As she approached the front of the restaurant, her ears noted a rhythmic tapping and scratching sound ahead of her. Squinting her eyes a bit, she noticed a shadow—no, a silhouette, blocking some of the glow that penetrated the glass doors from the street.

She raised her rifle almost entirely on reflex. Resting the butt on her shoulder, she checked her aim briefly before squeezing the trigger. Her finger held the trigger down as her weapon fired two short bursts of bullets that she traced from the body of the rat to its head. The sound of gunfire and rodent screams would have surely awoken any neighbours, but pest control rarely got any complaints.

Willow had already pressed the call button on her vest to report to the captain before she noticed that something was wrong. Bullets were meant to embed themselves in the object that they were fired upon, coupling with the target and causing more damage that way. However, Willow’s shots had gone clean through the rat and the glass doors, giving her an eerie view of the street through the silhouette and body of the rat.

Rodents of unusual size and girth existed as a result of a slight mutation, a slow process of evolution that humankind had, in their error, ignored for the last few centuries.
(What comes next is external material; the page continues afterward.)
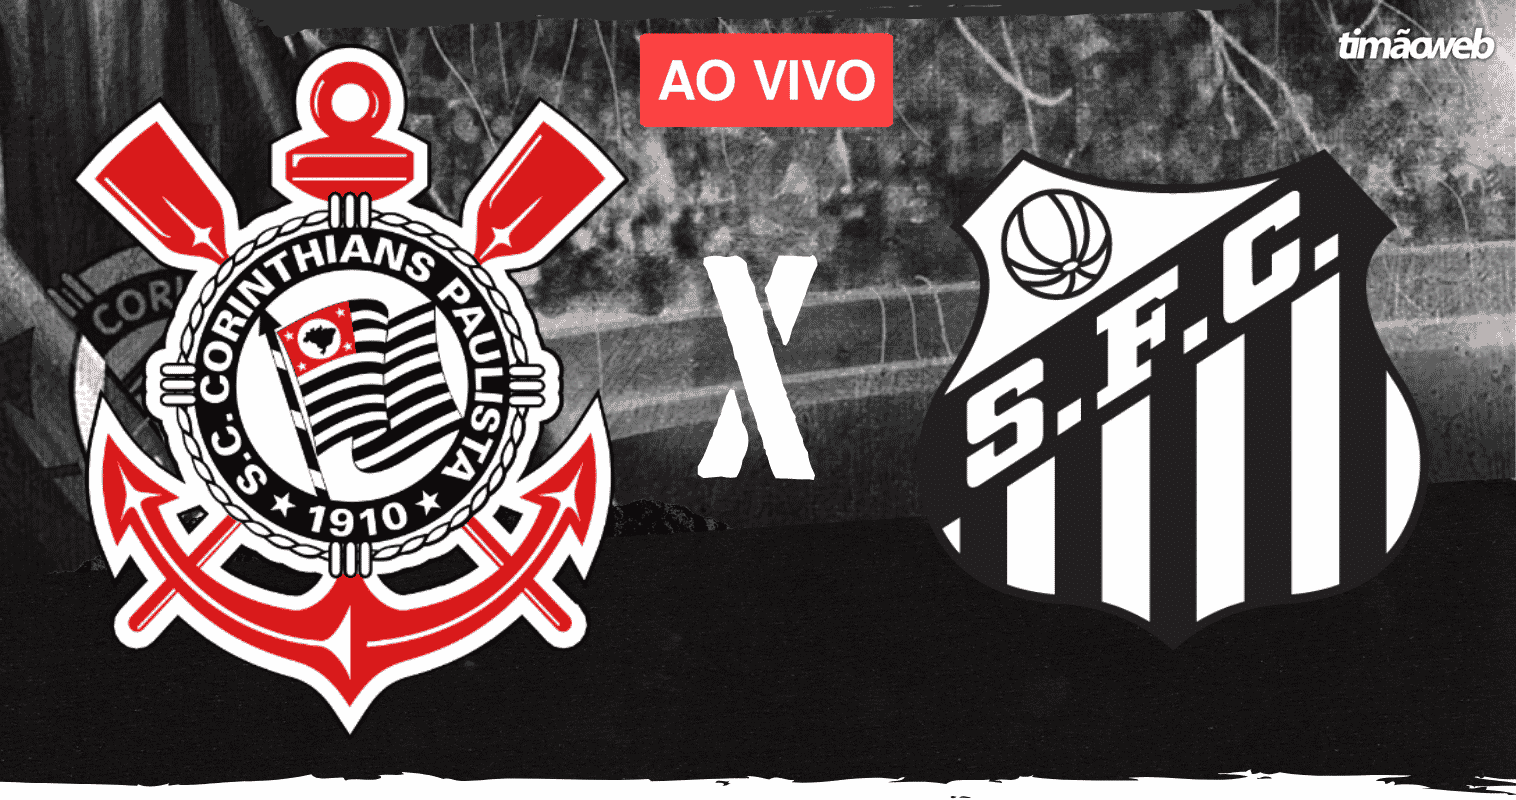 Onde assistir ao vivo o jogo Corinthians x Santos hoje, quarta

In the extermination industry, there had been stories about some recent mutants encountered. Though usually dismissed as tall tales, people in the industry still made it their business to know everything, even things that seemed too fantastic to be true. Still, as the captain says, truth can be stranger than fiction.

Willow was still holding down the call button when she swore under her breath. The captain, who was still in the kitchen calculating the service tax, tried to respond but Willow’s hand was still gripping the call button, effectively blocking others from communicating. However, Willow recovered quickly from her shock and continued to hold down the button just long enough to fill in the rest of the team, who were now nervously straining their ears to listen.

“Guys, we got a shifter.”

As she spoke, the holes in the silhouette that gave Willow a view of the street, the holes that were gouged by her bullets, began to shrink. The rat turned its long face to look at Willow, uttering a low squeak that started off more as a growl. Carefully, Willow moved her hand from the call button on her vest to the grip of her rifle. Perhaps sensing that more pain was on its way, the rat immediately bolted.

Willow quickly brought her rifle up and pivoted to keep the rat in her sights. She squeezed the trigger repeatedly, pausing only long enough to recover her aim from the recoil. The radio was alive with buzzes, clicks, and chatter, but Willow could not focus enough to understand her teammates with her gun firing rounds in a deafening manner.

She lowered her gun as the rat disappeared from sight. Removing her earpiece, Willow allowed all her senses to absorb her surroundings. She calmed the pace of her heartbeat with a few slow breaths and followed the path laid out by the rat. She could make out the clamour of her teammates in the distant hallways, but ignored their shouts, pushing it away from her attention as she focused her hearing to seek out the tapping and scratching of claws on the tiled floor.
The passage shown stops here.